The graphics state maintains the current transformation matrix which maps positions from user space coordinates to device coordinates.


The information about coordinate systems and their transformations provided here is very minimalistic. The reader is encouraged to look at the PDF Reference, chapter Graphics | Coordinate Systems to understand relationships among coordinate spaces in PDF.

Common Transformation Examples

To illustrate coordinate space transformations we will define a function which paints a rectangle on the x, y coordinates. We will call it from within variously transformed user space to see the effect of the transformation.

def paint_rectangle(x, y):
    canvas.rectangle(x, y, 100, 100)

First, we will paint a rectangle in default user space.

paint_rectangle(50, 500)

Now let us translate the origin of user space.

canvas.translate(110, 0)
paint_rectangle(50, 500)

We translated the origin of the user space by (110, 0).
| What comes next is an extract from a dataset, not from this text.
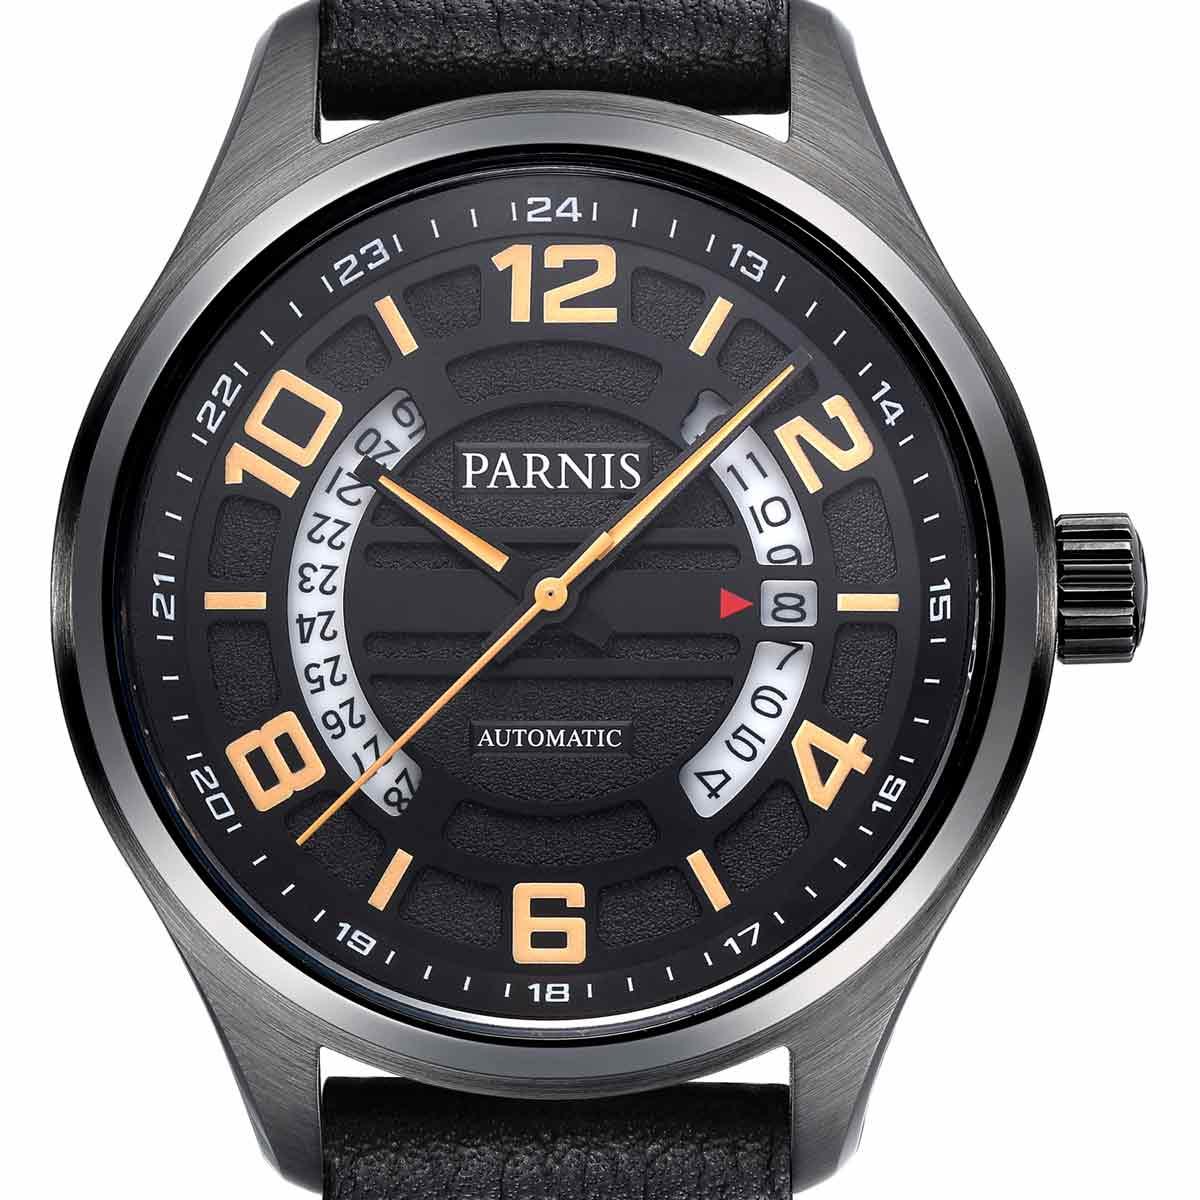 【NEW】PARNIS パーニス 自動巻き 腕時計 [PA6052-S3AL-BKorBK] 並行輸入品 純正ケース メーカー保証12ヶ月

The rectangle is placed on (50, 500) in modified space, i.e. on (160, 500) in the default user space. We also restored the original graphics state so we are back in default user space. The next code fragment rotates a rectangle:

x, y = 300, 500
canvas.translate(x+50, y+50)
canvas.translate(-(x+50), -(y+50))
paint_rectangle(x, y)

translate() rotates around the user space origin but we want to rotate around the rectangle center. So we translated the origin of the user space to the center of the rectangle, rotated it there and moved it back. scale() and skew() behave likewise - they scale/skew according to the user space origin.

# scale
x, y = 420, 500
canvas.translate(x+50, y+50)
canvas.scale(0.5, 0.5)
canvas.translate(-(x+50), -(y+50))
paint_rectangle(x, y)
# skew
x, y = 100, 680
canvas.translate(x+50, y+50)
canvas.skew(0.3, 0.3)
canvas.translate(-(x+50), -(y+50))
paint_rectangle(x, y)

As can be seen in the examples above JagPDF provides several convenience methods which performs common transformations. They internally form a matrix with appropriate values and apply it to the current transformation matrix. However, we could likewise calculate a transformation matrix ourselves and use transform().

Top-down Coordinate Space

We already mentioned that the origin of the default user space corresponds to the lower-left corner of a page. We can move it to the upper-left corner and reverse the orientation of the y axis with the doc.topdown profile option.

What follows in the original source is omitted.